29 In the scheme envisioned under the Constitution, the judiciary does not possess the power or jurisdiction to formulate or prefer charges against accused persons; that is the constitutional provenance of the Attorney-General. As rightly pointed out by the Prosecution, only when the charge is preferred against the accused can the court exercise its judicial power over the proceedings. The limitation of the sentencing range or sentence (in a mandatory penalty scenario) available to the court is a necessary consequence following the charge preferred. While the court has the power to review the considerations taken into account by the Public Prosecutor in preferring the charge, to decide whether or not the evidence adduced by the Public Prosecutor proves the charge beyond a reasonable doubt and to amend the charge in light of the evidence before it, it is not for the court to determine what charge should be preferred against an accused person irrespective of whether the charge would invoke a mandatory penalty. This principle applies equally to the situation where multiple parties are involved in a criminal enterprise. It is the very essence of prosecutorial discretion that due weight is given to all relevant circumstances or considerations prior to the formulation of a charge. Arts 93 and 35(8) of the Constitution should be construed harmoniously, with neither being subordinate to the other. Counsel’s submission would mean that Art 93 of the Constitution overrides Art 35(8) of the Constitution. His characterisation of the Public Prosecutor’s exercise of his discretion as “manipulation” would appear to stem from his misconception of Art 12(1) of the Constitution wherein the Public Prosecutor is limited to preferring charges solely on the basis of legal guilt. This submission has been shown to be incorrect (see [21]-[25] above).
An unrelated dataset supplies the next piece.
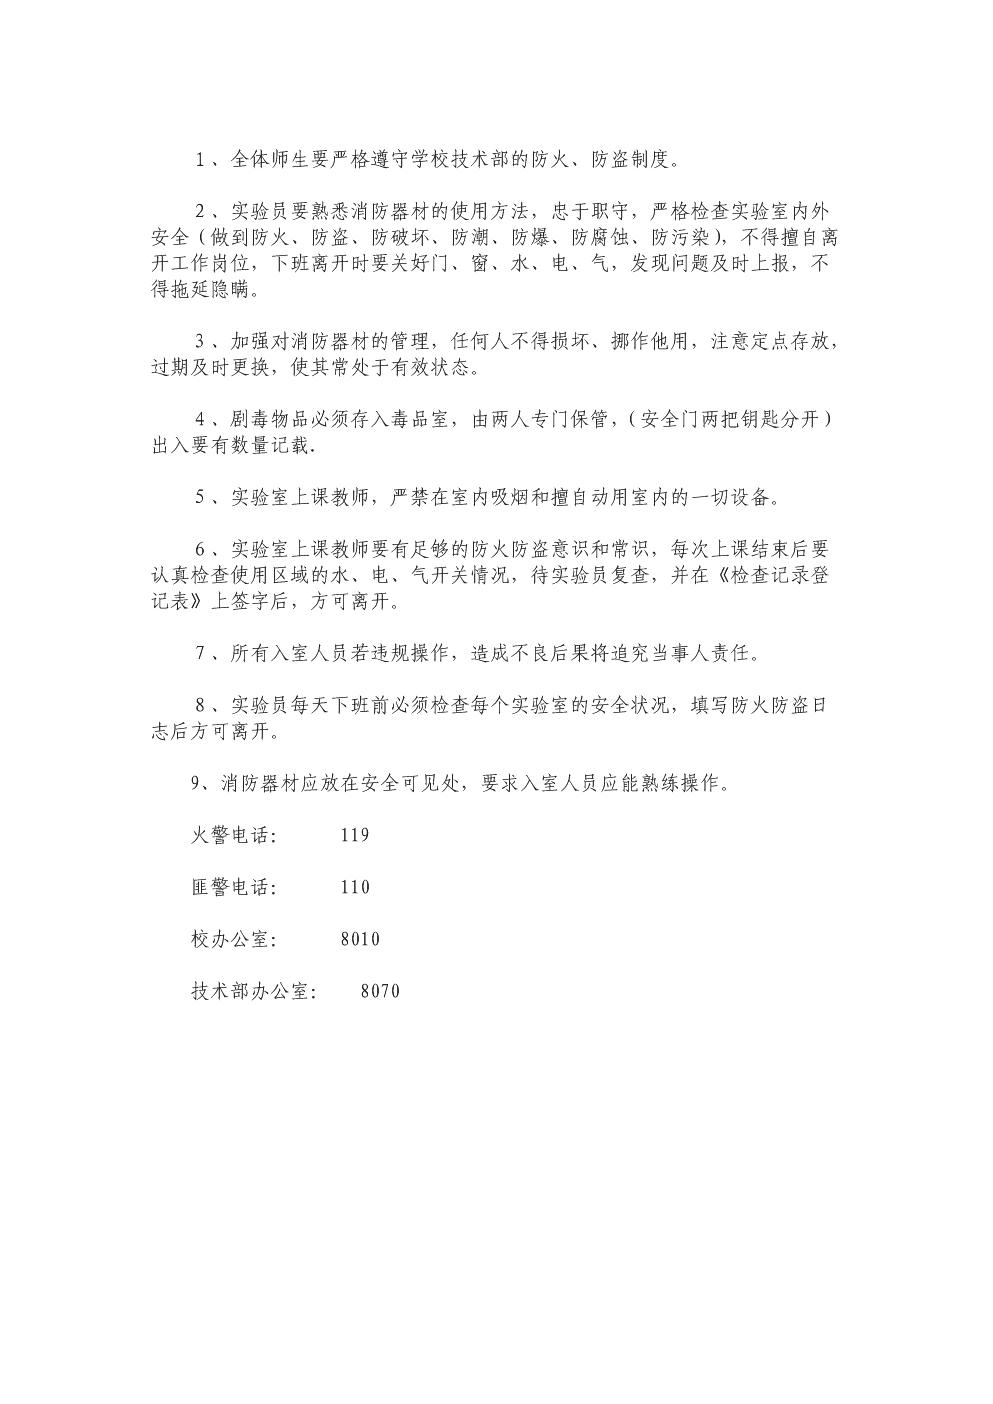 实验室防火防盗安全制度.doc

30 For completeness, we will briefly comment on the Privy Council decision in Mohammed Muktar Ali & Anor v The Queen [1992] 2 AC 93 (“Muktar Ali”) which is relied upon by Counsel. In Muktar Ali, the court was concerned with the question of whether a provision in the Mauritius Dangerous Drugs Act 1986 which conferred on the Director of Public Prosecutions the discretion to determine the court which a drug importer should be tried, infringed the principle of separation of powers. There, if the court selected by the Director of Public Prosecutions was the Supreme Court and if the offender was found to be guilty of drug trafficking he would be sentenced to death. Contrarily, if he was tried in an Intermediate or District Court, the offender would be sentenced to a fine and a term of penal servitude. The Privy Council found that since the discretion to select the court enabled the Director of Public Prosecutions to, in effect, select the penalty to be imposed, the relevant provision of the Mauritius Dangerous Drugs Act 1986 was unconstitutional.
31 Similar to the discussion in Ong Ah Chuan, it would be noted that Muktar Ali concerned an ordinary legislative provision rather than the exercise of prosecutorial discretion, a power conferred and governed by the Constitution itself, which is the issue in the present appeal. In fact, as pointed out by the Prosecution, Lord Keith of Kinkel expressly stated at pp 103-104 of Muktar Ali that the case was concerned with the particular legislative provision’s impact on the court before which a person was tried. His Lordship clearly articulated at p 104 of Muktar Ali that“[i]n general, there is no objection of a constitutional or other nature to a prosecuting authority having discretion of that nature”. In fact, the Privy Council expressly stated that the prosecuting authority’s discretion to prefer a more serious charge rather than a less serious one against an accused would not give rise to any constitutional objection. Counsel’s reliance on this case was accordingly misplaced. In the present case, it is the Prosecutor’s discretion which Counsel seeks to challenge, a discretion conferred under the Constitution. The situation here is completely different from that in Muktar Ali. The Public Prosecutor’s decision to prefer separate charges on members of the same criminal enterprise does not interfere with the court’s judicial power. Accordingly, Quek’s second ground of appeal is dismissed.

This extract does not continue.